◆ **What is needed**:
Could you restate the data word for word and drop the pictures?

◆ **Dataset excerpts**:
********************

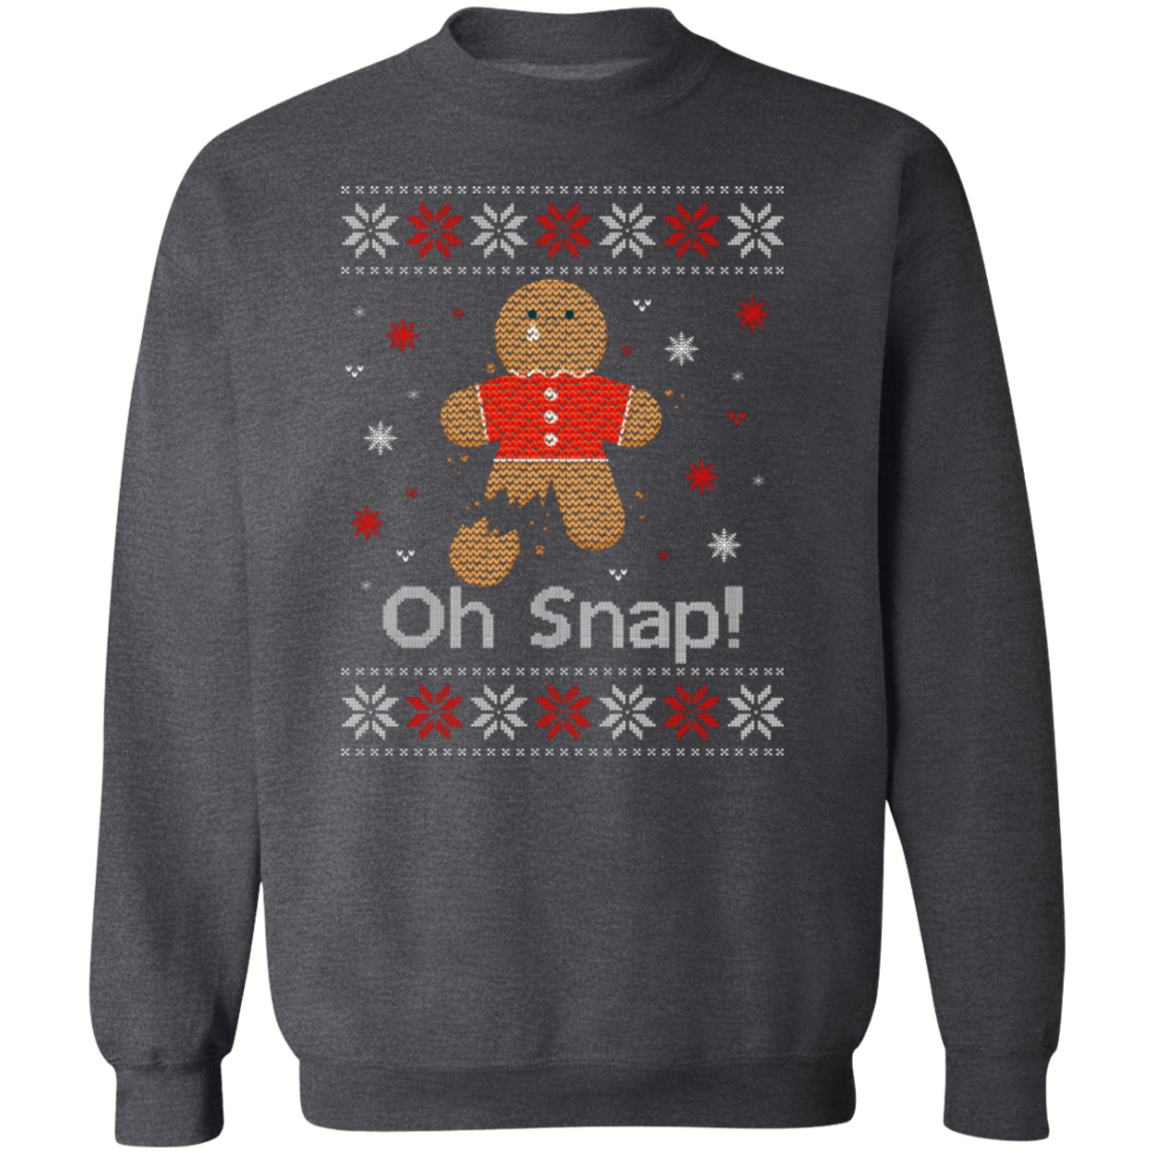 Oh Snap! - Unisex Ugly Sweater, Christmas, Winter, Fall
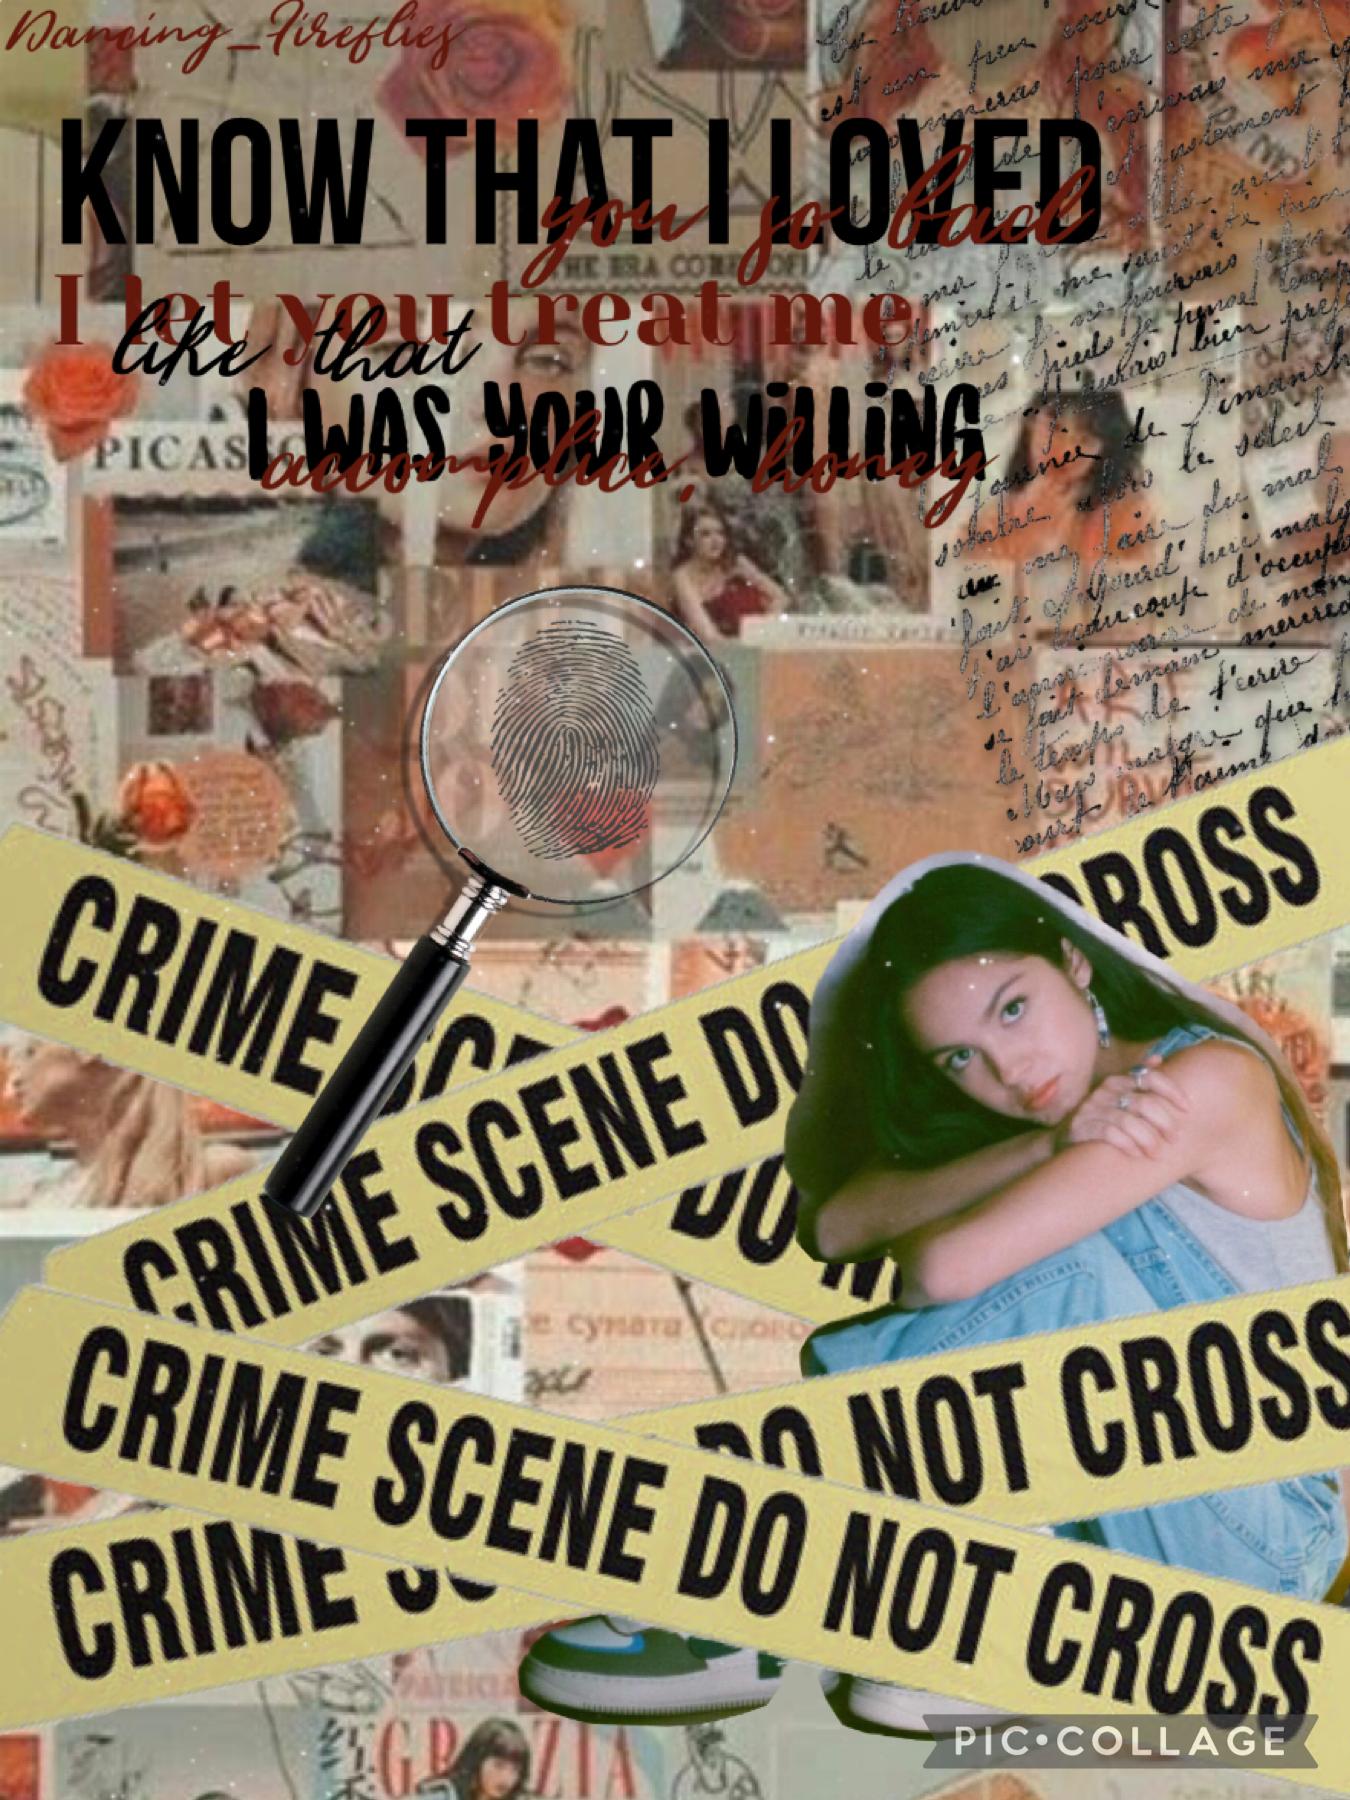 🖤TAP🖤
Olivia’s new album is so good you all need to listen to it! I based this collage after her new song beautiful crimes. (5/21/21) Qotd: what is your favorite song in the album? Aotd: 1 step forward, and 3 steps back!
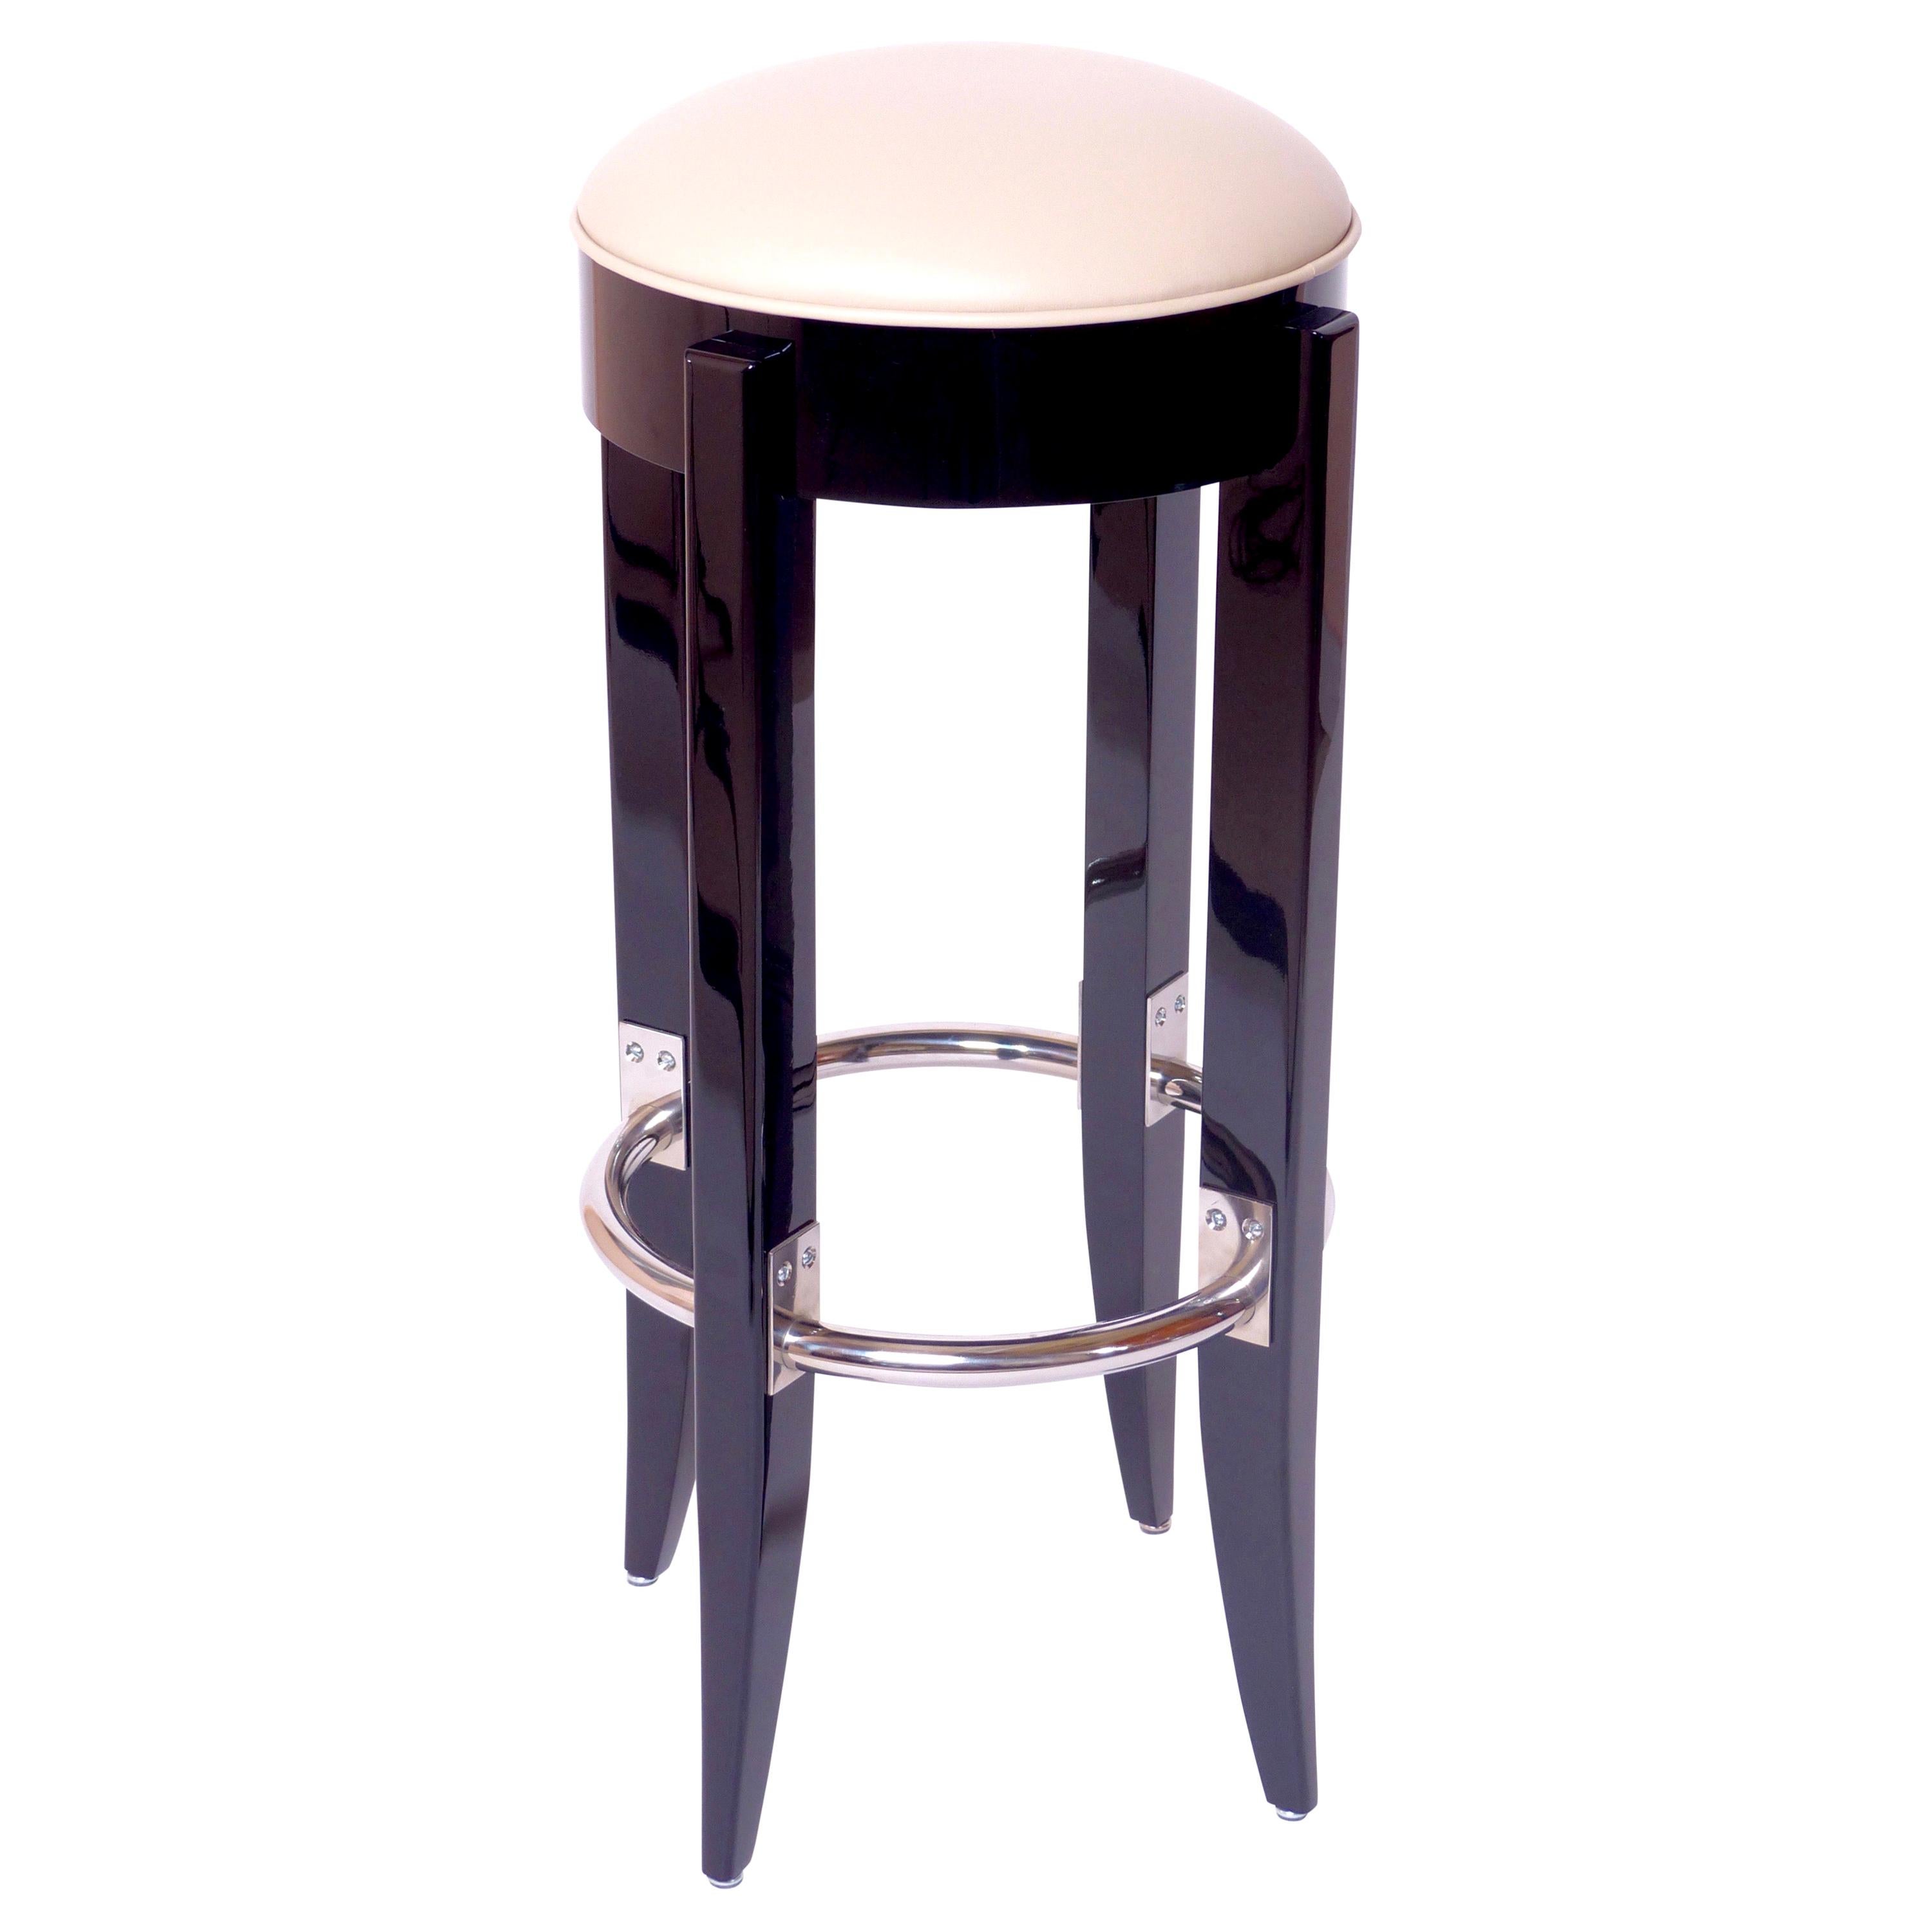 High Gloss Black Piano Lacquer Barstool in the Style of French Art Deco
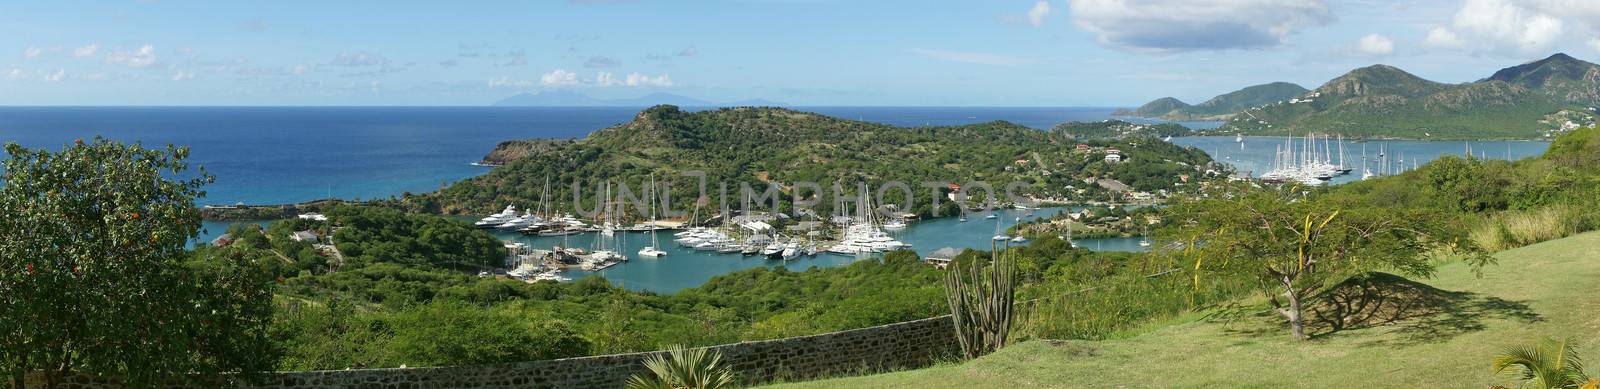 English Harbour and Nelsons Dockyard, Antigua and Barbuda, Carib by alfotokunst

********************

◆ **Response area**:
 Oh Snap! - Unisex Ugly Sweater, Christmas, Winter, Fall
 🖤TAP🖤
Olivia’s new album is so good you all need to listen to it! I based this collage after her new song beautiful crimes. (5/21/21) Qotd: what is your favorite song in the album? Aotd: 1 step forward, and 3 steps back!
 High Gloss Black Piano Lacquer Barstool in the Style of French Art Deco
 English Harbour and Nelsons Dockyard, Antigua and Barbuda, Carib by alfotokunst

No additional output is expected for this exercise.